===== INFORMATION SUPPLIED
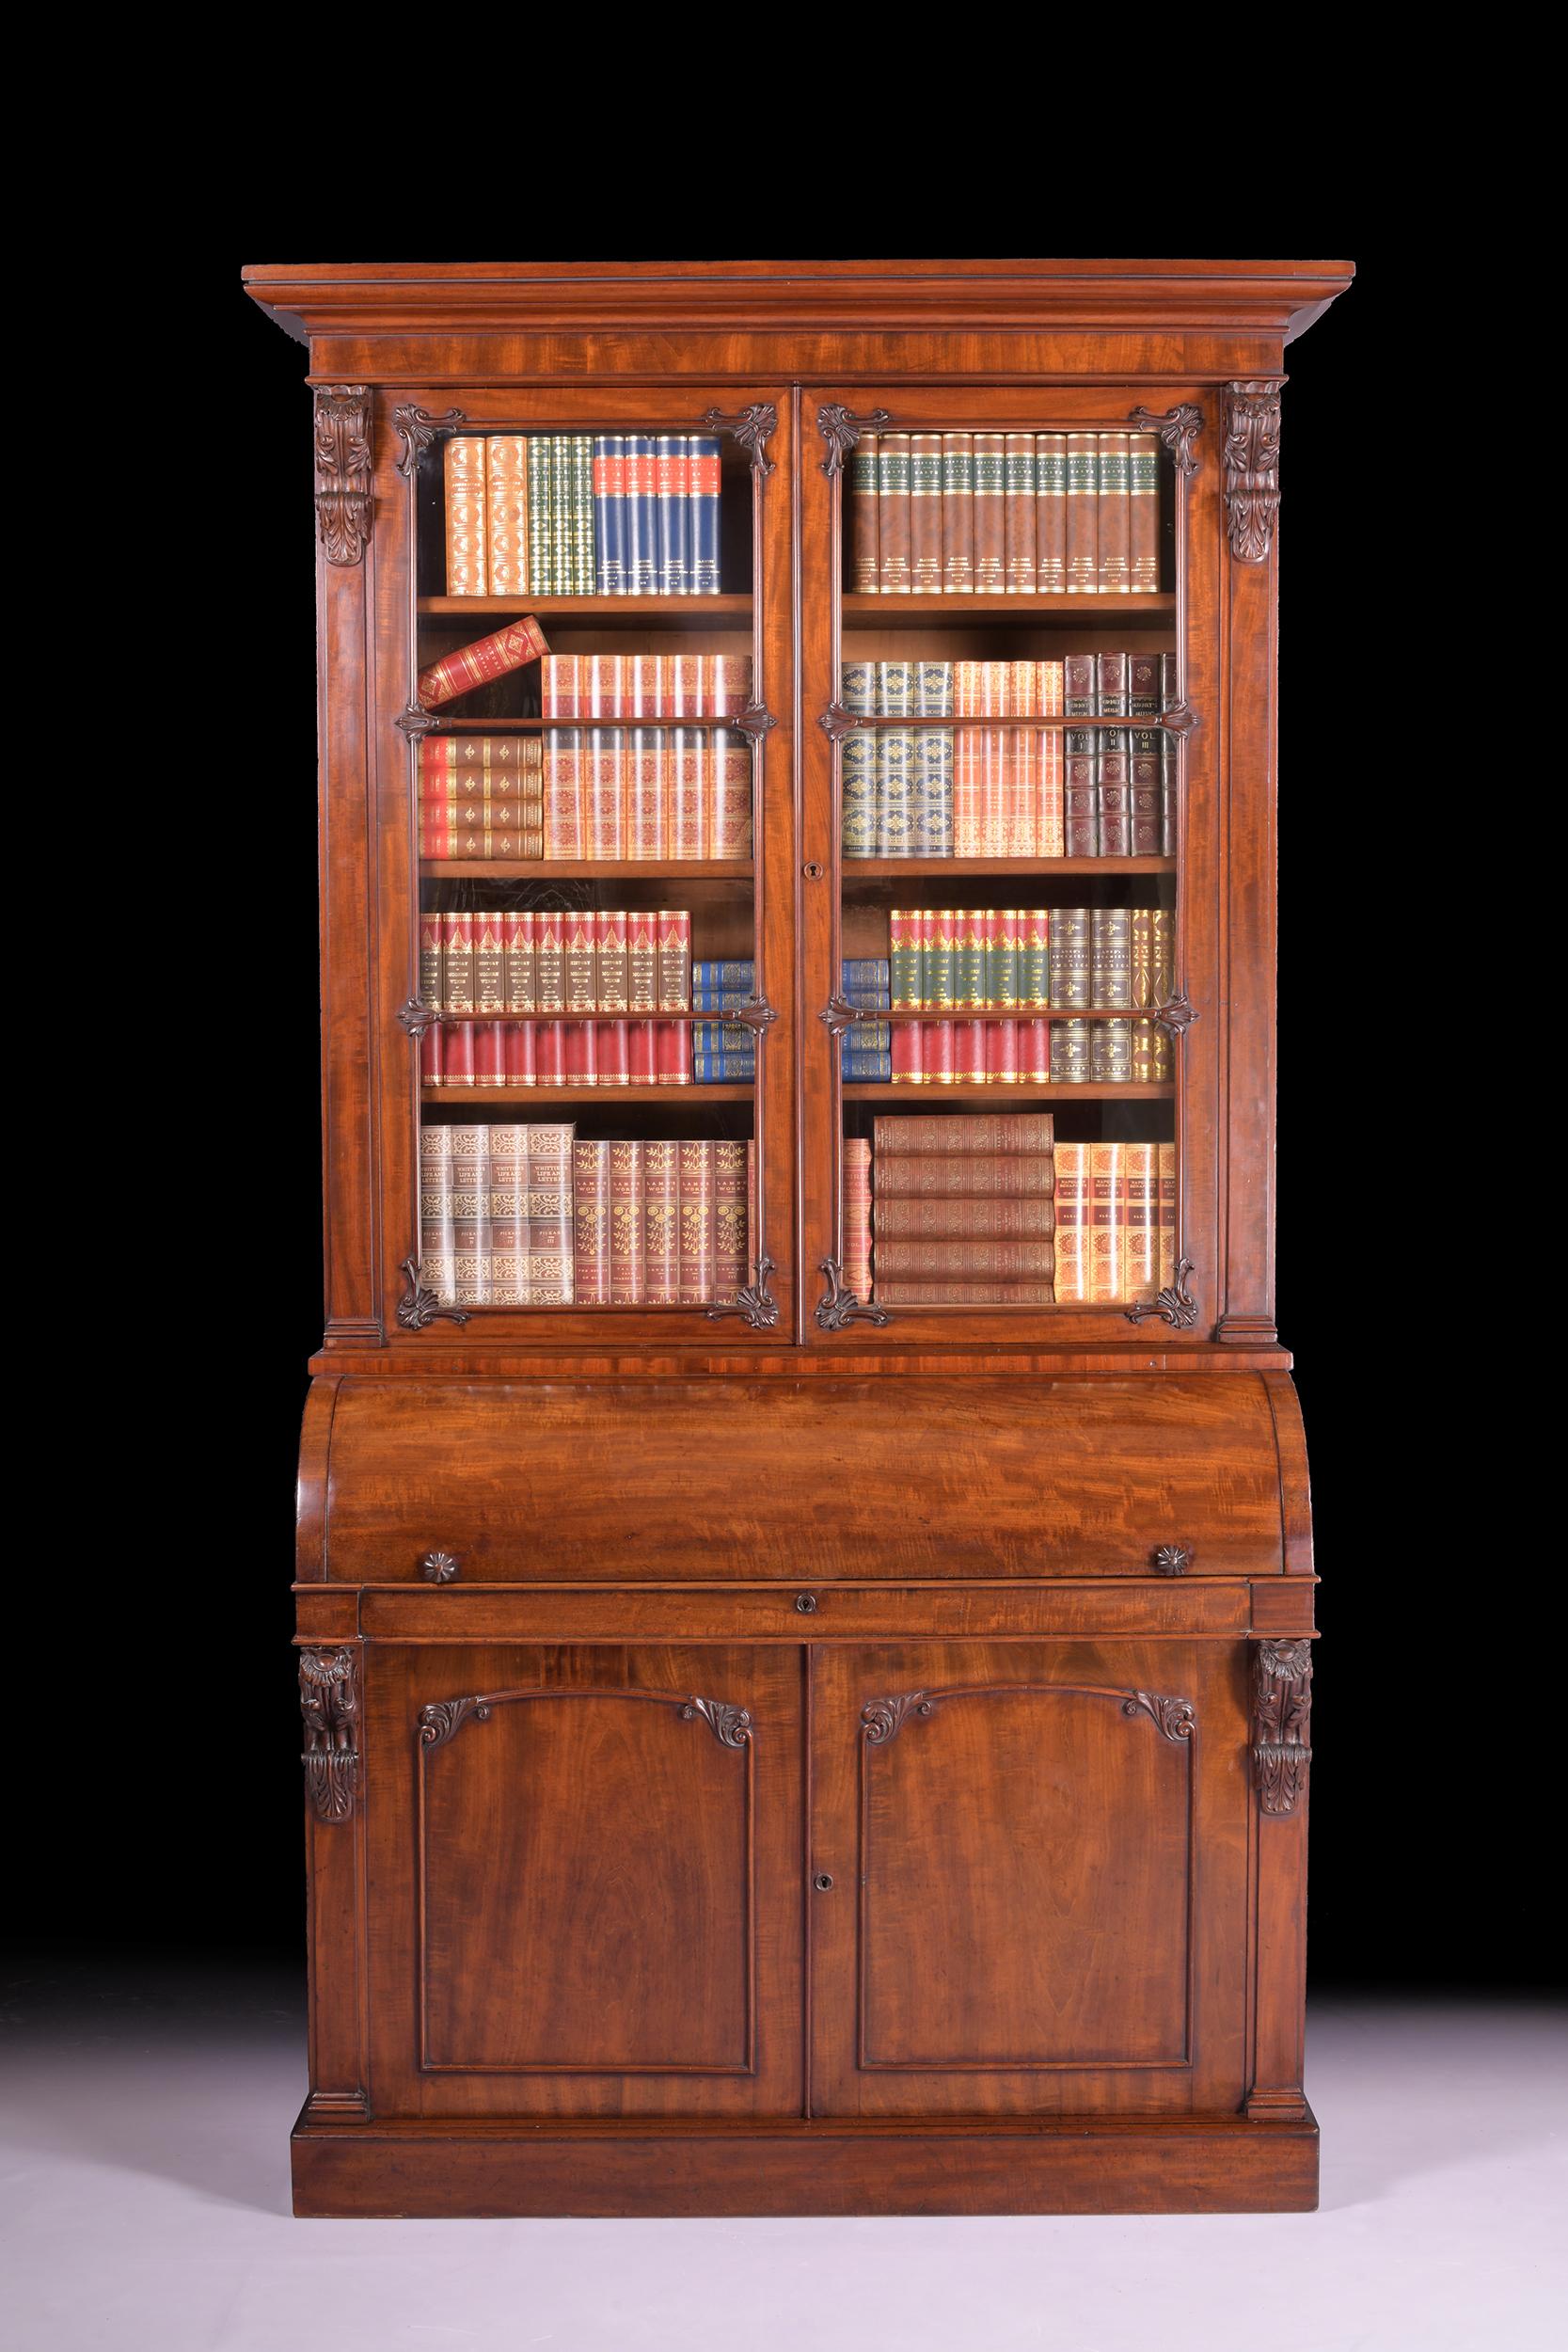 A stunning Irish William IV mahogany secretaire bookcase, the glazed doors enclosing shelves above the cylinder fall enclosing an arrangement of drawers and pigeonholes, and with cupboard doors to the base.

Circa 1835

Irish.
==========
§ GOAL OF THE EXERCISE
The whole listing above, minus its pictures, is what you should write out word for word.

§ OUTPUT FOR THIS TASK
 A stunning Irish William IV mahogany secretaire bookcase, the glazed doors enclosing shelves above the cylinder fall enclosing an arrangement of drawers and pigeonholes, and with cupboard doors to the base.

Circa 1835

Irish.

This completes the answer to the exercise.